- The Washington Times - Monday, March 18, 2002

Shareholders and the public have been inundated with advertising from Hewlett-Packard and Compaq promoting a proposed $22 billion merger of the two technology giants, as well as advertising from the dissenters of the deal.
The two companies are in favor of the planned merger, while a group, led by Walter Hewlett, son of one of H-P's co-founders, is adamantly opposed to it.
As a result all three players have been battling it out with a heavy ad blitz to get shareholders to vote in their favor.
Mr. Hewlett has been on a crusade to stop the merger and has reportedly spent millions of dollars to let shareholders know through letters, public relations and advertising that this merger would devalue the company's stock and weaken the company as a whole.
Hewlett-Packard and Compaq also spending millions of dollars have geared their advertising toward the good things that will come out of the deal and how it will increase shareholder value.
Mr. Hewlett is "waging a campaign against an event: the merger," says Catherine Bartholow, president of RTC Relationship Marketing in the District.
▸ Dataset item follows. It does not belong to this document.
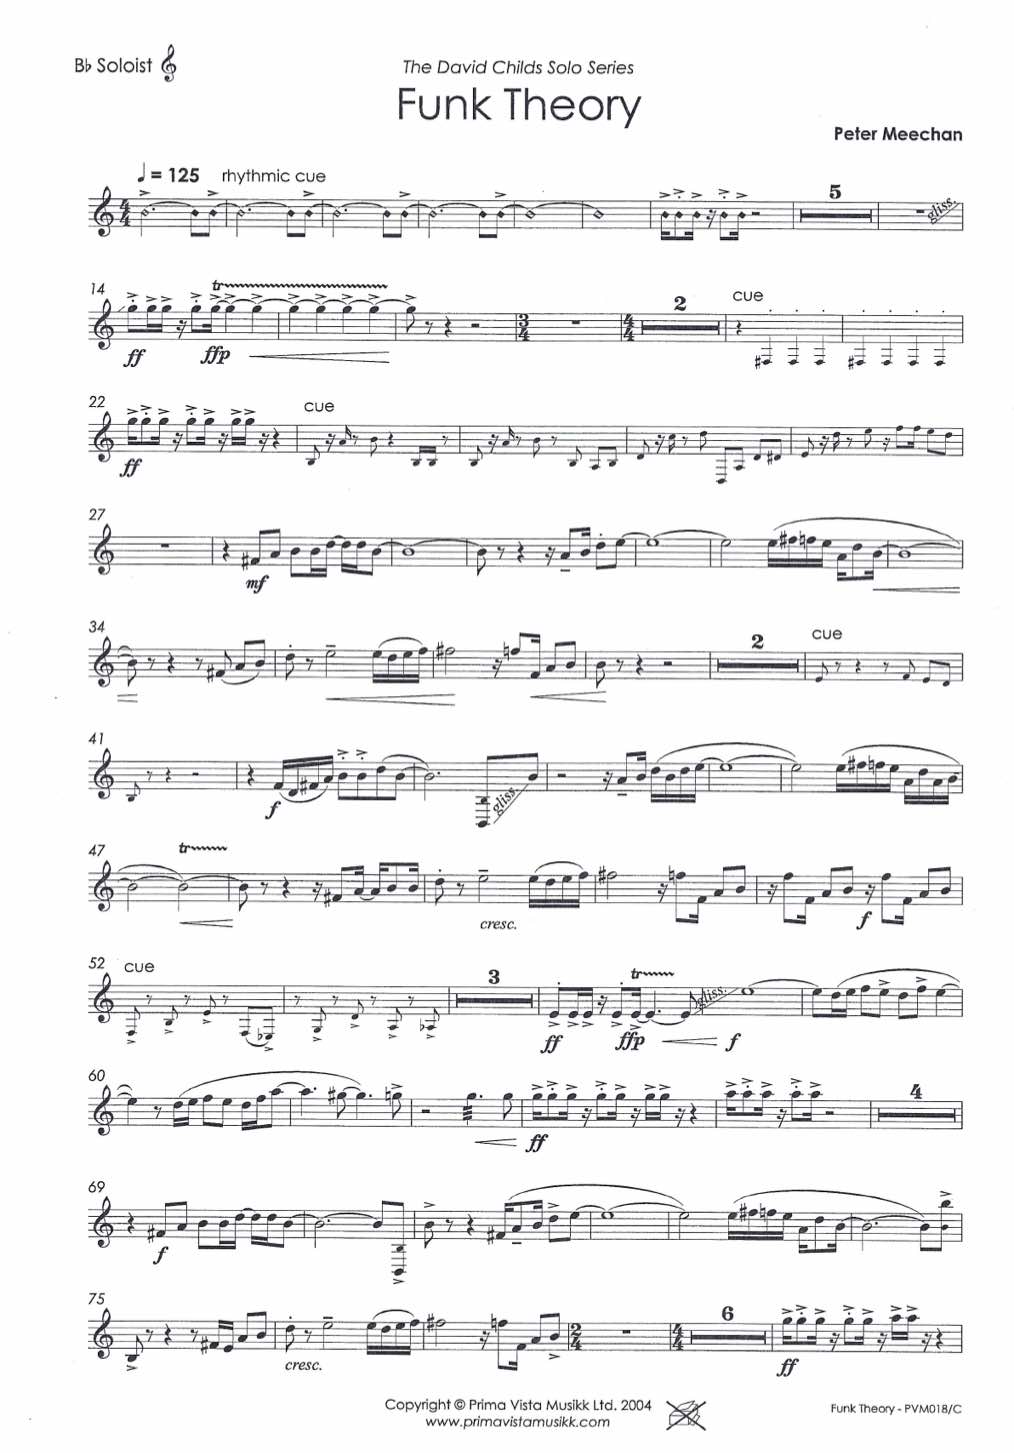 Siciliana from Partita No. 2 (G.P. Telemann) - Free Flute Sheet

While H-P's advertising is "already starting to build a story about the branding of these two companies," she says.
Last week shareholders continued to get a flood of letters and phone calls and turn to full-page newspaper ads from all three players in a last-ditch effort to get their point across. It all comes down to the Hewlett-Packard vote tomorrow in Cupertino, Calif., and the Compaq vote on Wednesday.
But how much is too much? The point of using public relations and advertising methods is to effectively communicate their views so using these many venues is a good idea, Ms. Bartholow says.
"Different people absorb information in different ways," she says.
An ad blitz of this magnitude isn't uncommon for a deal like this. It may remind some of a similar battle last summer between First Union and SunTrust, which were both trying to merge with Wachovia.
The two banks waged a war in the media, also spending millions, to get shareholders to vote their way. Ultimately the merger between First Union and Wachovia was approved.

Marriott march madness
Marriott International Inc. kicked off a new advertising campaign last week with a bit of a sports flare just in time for college basketball.
Marriott scored four celebrity coaches to star in the spots: Jon Gruden, newly appointed head coach for the Tampa Bay Buccaneers; Phil Jackson, head coach of the Los Angeles Lakers and former coach of the Chicago Bulls; Mike Ditka, NFL commentator and former head coach of the Chicago Bears and Lou Holtz, head football coach for the University of South Carolina and former head coach of Notre Dame.
The four spots, which promote Marriott Hotels, Resorts and Suites, Courtyard by Marriott, Residence Inn by Marriott and Fairfield Inn by Marriott, will run for the next six months, coupled with a print-ad component. This campaign also marks the first time the hotel giant features its Marriott Rewards frequent-travel program in a television ad.

New wins
The Go RVing Coalition, which represents the recreational-vehicle industry, has selected the Richards Group of Dallas to handle the $38 million to $40 million three-year advertising campaign. The Richards Group beat out local contenders the Martin Agency in Richmond and Baltimore's Eisner Communications, which was the incumbent agency.
E. James White has been selected as advertising agency of record for CDWG, which provides direct computing solutions to educational institutions and government agencies. The Herndon-based agency will build the company's brand awareness among federal, state and local governments and the eductional community.